Low Mass 20 kW Hall Thruster

Award Information
Agency: Department of Defense
Branch: Air Force
Contract: FA8650-04-C-2470
Agency Tracking Number: O031-0055
Amount: $746,287.00
Phase: Phase II
Program: SBIR
Awards Year: 2004
Solicitation Year: 2003
Solicitation Topic Code: OSD03-006
Solicitation Number: 2003.2
Small Business Information
11 Tech Circle, Natick, MA, 01760
DUNS: 184629491
HUBZone Owned: N
Woman Owned: N
Socially and Economically Disadvantaged: N
Principal Investigator
 James Szabo
 Research Scientist
 (508) 655-5565
Business Contact
 Judy Budny
Title: Contracts Administrator
Phone: (508) 655-5565
Email: judy@busek.com
Research Institution
To meet emerging requirements for high power Hall thruster technologies that significantly enhance the transportation of DoD space assets, Busek proposes to complete development of a low mass 20 kW class Hall thruster. The design benefits from a unique magnetic circuit. The predicted mass of the magnetic structure and coil is about half that of a conventional design. Thrust efficiency of 70% is predicted. The proposed magnetic arrangement is especially suitable for close proximity operation (clustering). In the Phase I program, Busek designed, built and performed initial performance characterization of a 20 kW thruster design based on our nominal magnetic arrangement. The maximum efficiency obtained was 67% at 400 V at the discharge. Power input up to 16 kW was demonstrated.

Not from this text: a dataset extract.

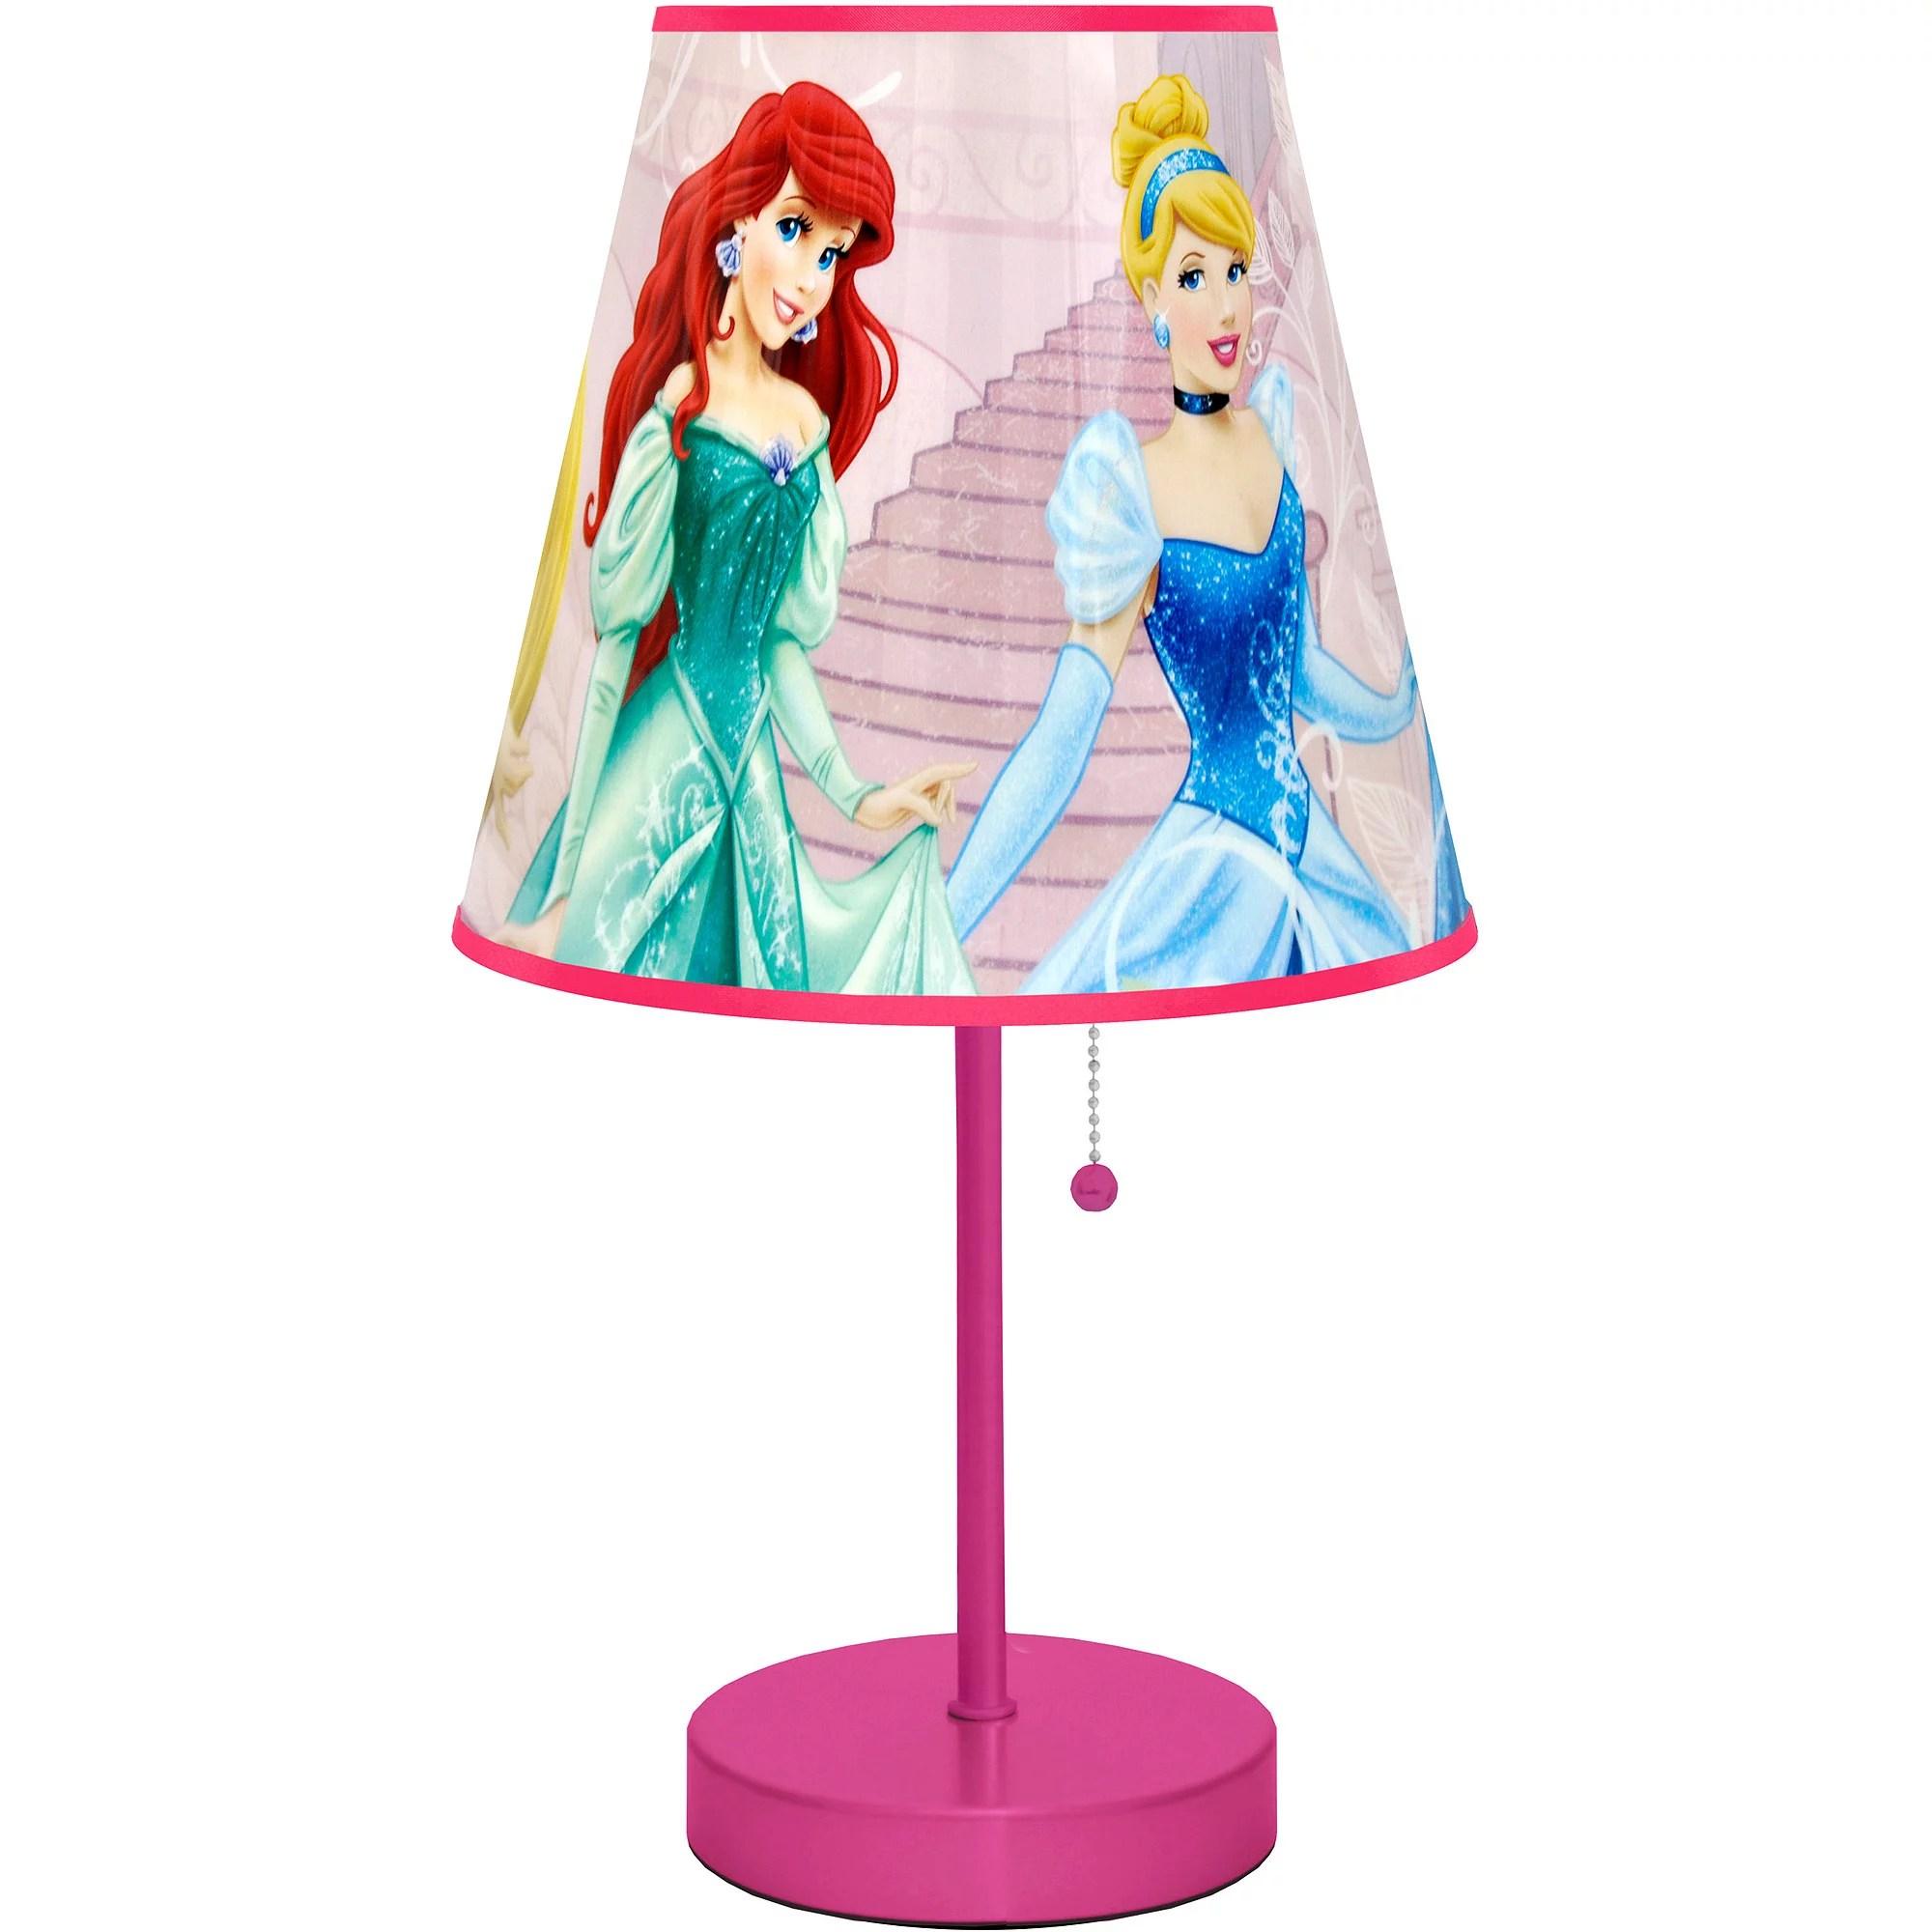 Disney Princess Table Lamp, Pink

Also during Phase I the preliminary design of the low mass magnetic circuit was completed. The two designs have nearly identical magnetic field distribution and use the same discharge dimensions ensuring similar performance. In Phase II, Busek will generate mechanical drawings and build a 20 kW low mass prototype, measure its magnetic field on the bench, and measure the thrust it produces over a range of operating conditions. In the first half of Phase II, the nominal prototype will be subjected to a more extensive series of tests to demonstrate bimodal capabilities over 1000-3000 sec Isp operating range. Plasma simulations and erosion measurements will be developed to predict lifetime, which is > 10,000 hours. At the end of Phase II, an optimized low mass design will be tested and delivered.